One thing I’ve learned in studying legends for OSM Americana is the degree to which print cartographers play fast and loose with any physical characteristics they do mention. A seemingly straightforward scale of place labels sized by population – yet some cities actually get boosted or demoted based on notability. A seemingly precise specification of inclines by grade – but a reader will never fact-check the map for slight deviations from this criterion.
Quite interesting, considering the title says “roads and paths”.
If we were to only take intersection of different legends, we’d end up with an empty map. With union, there would be a detailed map.
Here we have trail and primitive trail distinguished by two different dash patterns, plus a special yellow highlight for the Pacific Northwest Trail. A parenthetical tells us that a primitive trail may be difficult to follow, so we can assume that the other trail classification should generally be easier to follow. Here is a sample of all three line styles on the map:
Now here is another area of the map where the Pacific Northwest Trail follows the South Coast (below Third Beach) and the North Coast (above Rialto Beach). Some sections of this yellow highlighted line have long black dashes indicating trail or short black dashes indicating primitive trail, but other sections lack a black line of any kind. These sections have no visible path and the hiking route simply follows the shoreline.
This is from the IGN 1:25,000 that is still used as THE reference here. But this belongs to the “touristic overlay” that does not belong to the topographic map itself (it is compiled from sources such as mountaineering and hiking associations)
I think every single topographic map of the Alps I have ever seen (Austria, France, Slovenia - I have not used paper maps in years and do not have them on hand), and also both French and Spanish maps of the Pyrenees, had full, dashed and dotted lines to distinguish easy paths, intermediate paths and hard (hand-using) paths. To me this is the gold standard :-).
This looks a misunderstanding to me, Austrian maps by ÖAV and BEV use stipples for width, so much it seems to me. I posted a photo of a legend of a printed map above. You may read it as something different, but the legend is what counts, for me.
This is the Austrian and German classification scheme for hiking paths Blue, red, black. Obviously, not good enough for openstreetmap though.

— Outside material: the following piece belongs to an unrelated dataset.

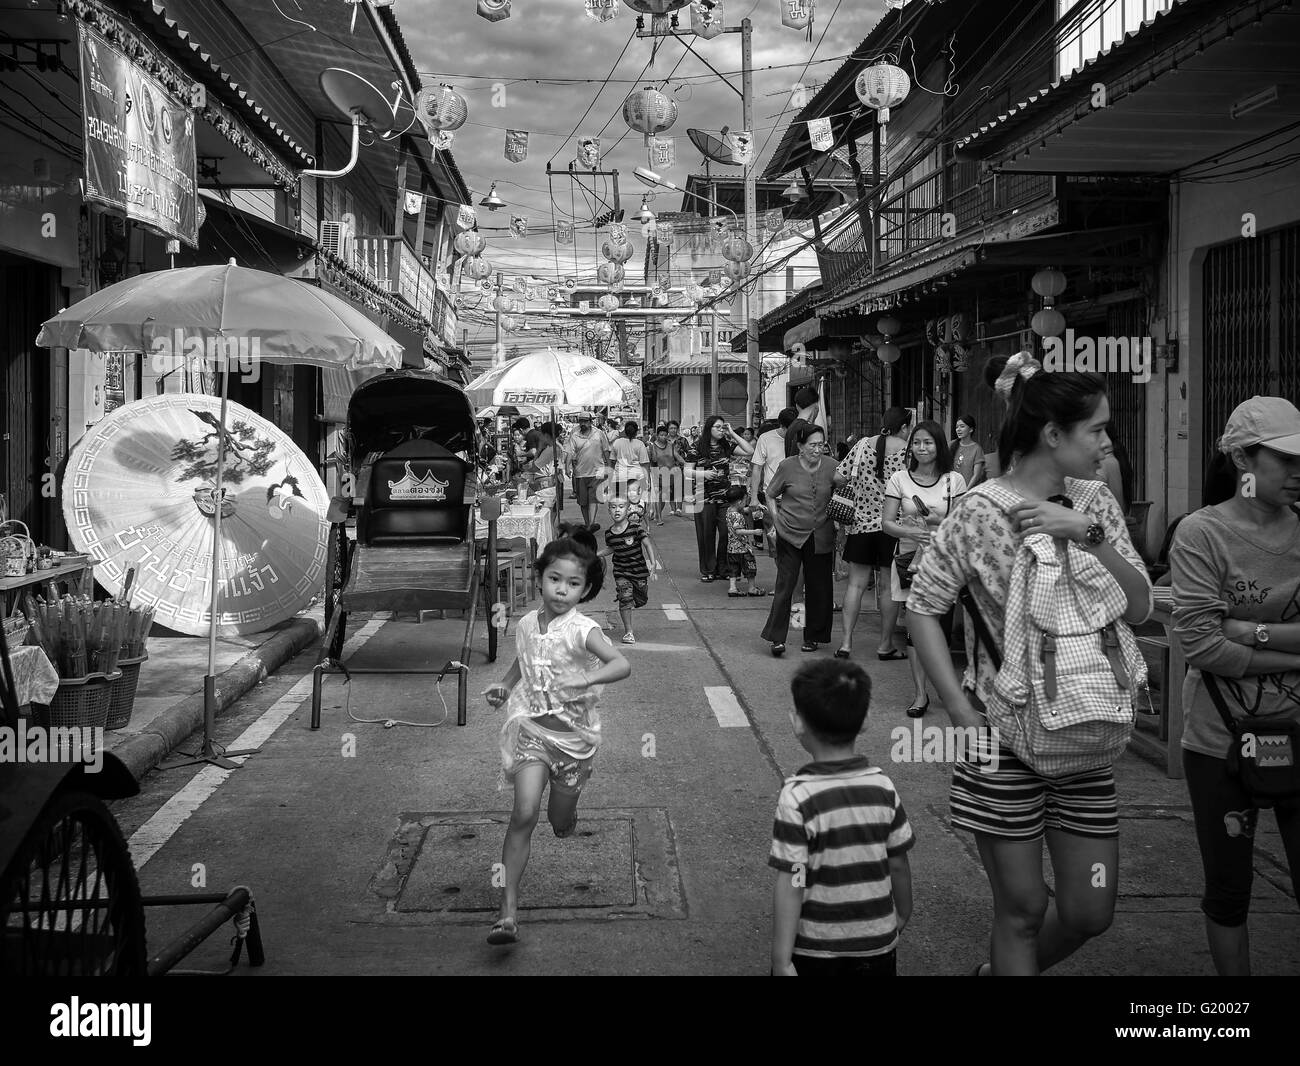 Straßenszene Thailand. Kinder spielen und Rennen durch die Menge. China Town Thailand S. E. Asien. Schwarzweiß-Fotografie Stockfoto

It absolutely makes sense for producing a map to fall down to a lower number of categories that we are able to map. For path, I would be happy with 3 already.
That would admittedly be awesome for several reasons. If we manage to do that in the summer, I could do that.
That region though, is in Trentino, not South-Tyrol, for what it’s worth.
All the (2) people familiar with the surroundings agreed that there is nothing on the ground that guides the way of someone passing there, no markings, no tramplings, just ragged terrain. Mapper CAI_Salò in addition said, that the Kompass map as well as the OSM mapping give indications on where to head, for use “by proven expert mountaineers, by azimuth”.
I do not think having commented “When there is nothing on the ground but there is a route in your head helped by a line on a (paper/on-screen)-map, openstreetmap data should also only contain a route and not a path” would have met a different reply.
My take home from this: For some a route (an idea) is a kind of path (type=route perhaps.) From various replies in several topics, I started to learn, that in English (both British and American) that sounds quite reasonable.